Research on intergroup contact has shown reduction of prejudice between groups (Pettigrew & Tropp, 2006). Intergroup contact is thought to decrease prejudice through several psychological mechanisms including increased empathy toward outgroup members, decreased intergroup anxiety, and enhanced knowledge of the outgroup (Pettigrew & Tropp, 2006). Engagement in body-based arts experiences with intergroup contact has the capacity to positively disrupt norms of segregation, provide positive and immediate results in prejudice reduction and joy, thus inspiring future work by local artists and longer-term outcomes.

Hearts and minds.

When I lived in East London September 9, 2001 through to 2003, I was there in a youth worker role as an artist and evangelical Lutheran. The community is mostly Bengali, Pakistani, Afghani, Indian, Muslim and Sikh. I was the only American around. It is a economically disadvantaged neighborhood on the far East End. On 9/11.

Apart from leading dance and music workshops, I alone disarmed a young man I knew, getting him to put his large knife down at a heated moment of retaliation as he stormed in a rage down the street. I pulled a 16-year-old from a burning, stolen car as his friends had left him there injured when they ran from the impending police. This was late at night and I was the only person there, locking up the building when I heard the crash and ran outside to help. Twice, I held young men’s hands and wounds as they bled from knife injuries and waited for the ambulance. Often, I worked with the police to report the thefts and drug sales these young guys were involved in. I am 110-115 lbs and 5’1″ and only know what I know.

It didn’t matter that I was a White American and these were Muslim South Asian/Arab young men, and this was the aftermath of September 11th. Well, it did matter in one big sense: we trusted one other enough to listen and learn from one another about race and religion and theories on both ends. The arts did what force could not. We did our jobs barehanded.

255777_10150270132581084_553116_n

London, UK. I’m the lady in the tree.

In Egypt, I led dance workshops at the US Embassy Cairo, collaborated with Egyptian artists on programs for the Children’s Cancer Hospital, and served as a lecturer in dance as a US Fulbright Scholar. In addition, I served as the national coordinator for EducationUSA, the US Department of State’s international education advising and promotion service. In that capacity, I had the unique honor of receiving an award from the Ambassador for innovation and excellence in using technology and personally engaging tools in work with students, scholars, and artists in Egypt, encouraging them to study in the US.
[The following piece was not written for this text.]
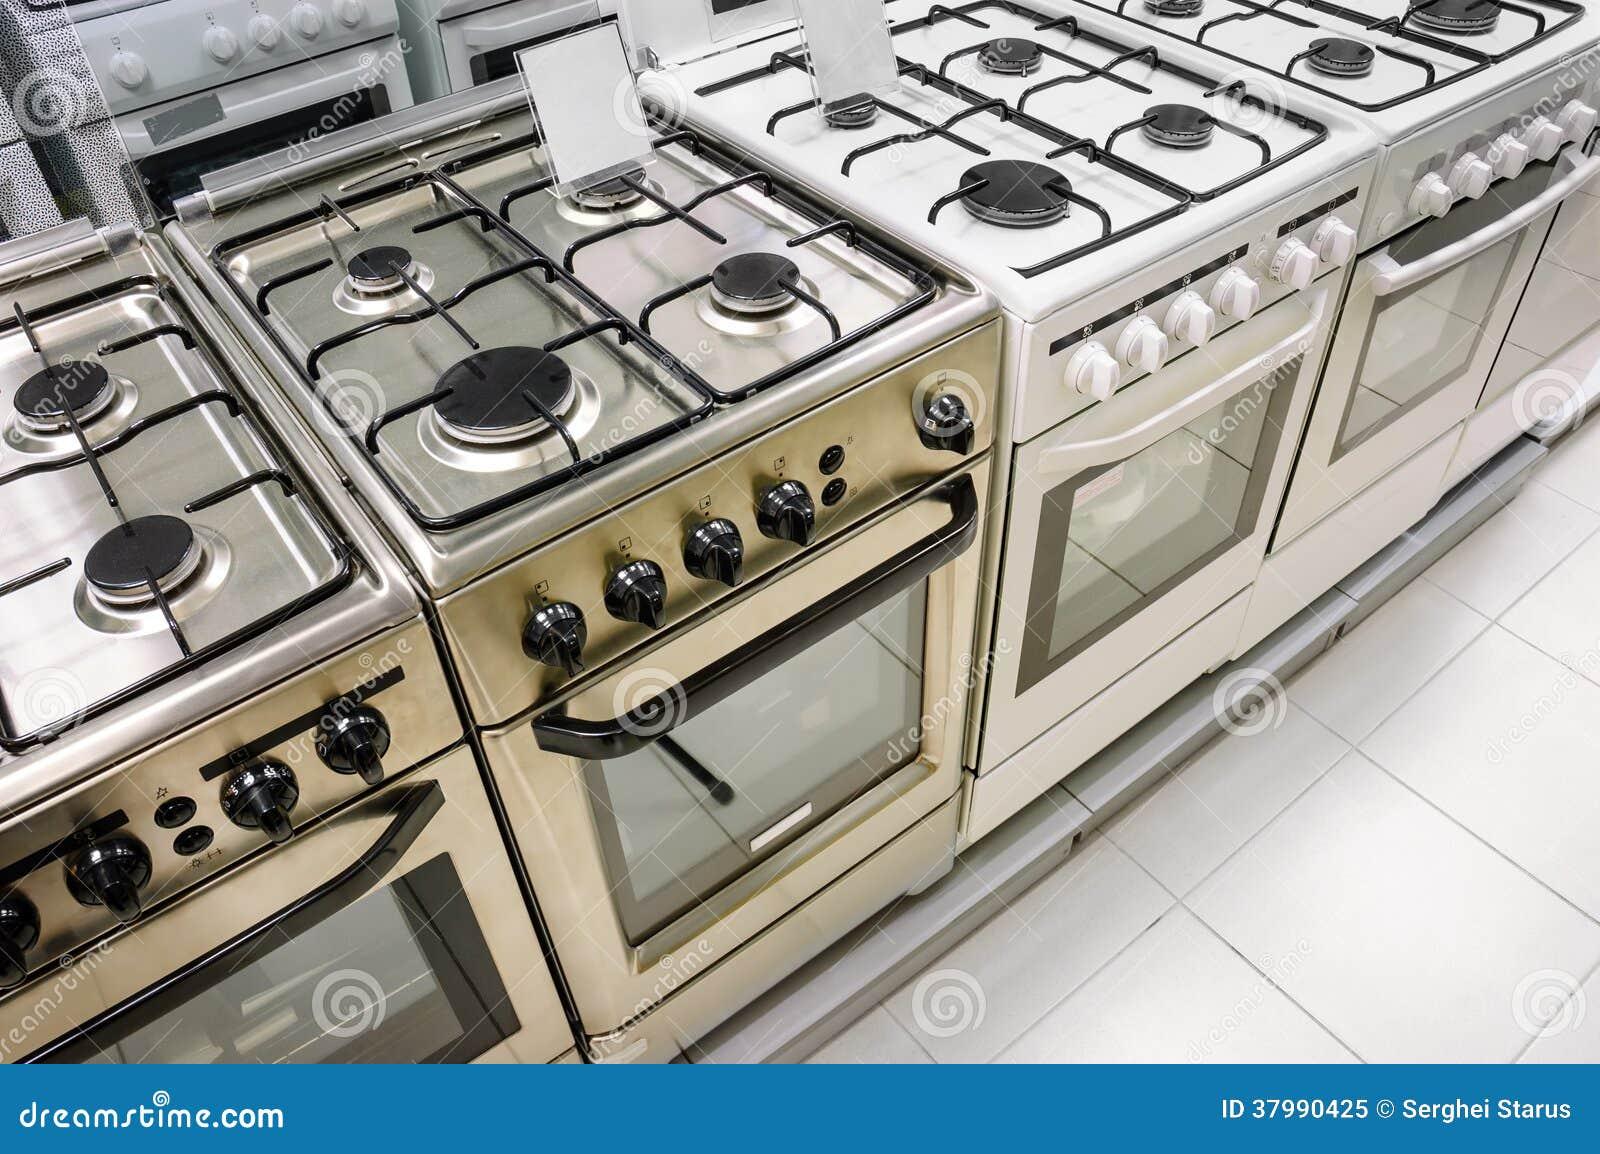 magasin d 39 appareil m nager rang e des cuisini res gaz photo libre de droits image 37990425. Black Bedroom Furniture Sets. Home Design Ideas

I also learned from Egyptians and was protected by them. During an Anti-American rally, strangers even made me tea. Strengthened borders and bans will not keep Americans as safe as relationships, empathy and trust. All are fostered through the arts. 

I know that in both these circumstances I described above, both in predominantly Muslim communities, I directly and positively shifted people’s perceptions of America. I know I boosted peace and safety between America and other countries. And I did this as an artist… at a fraction of the cost.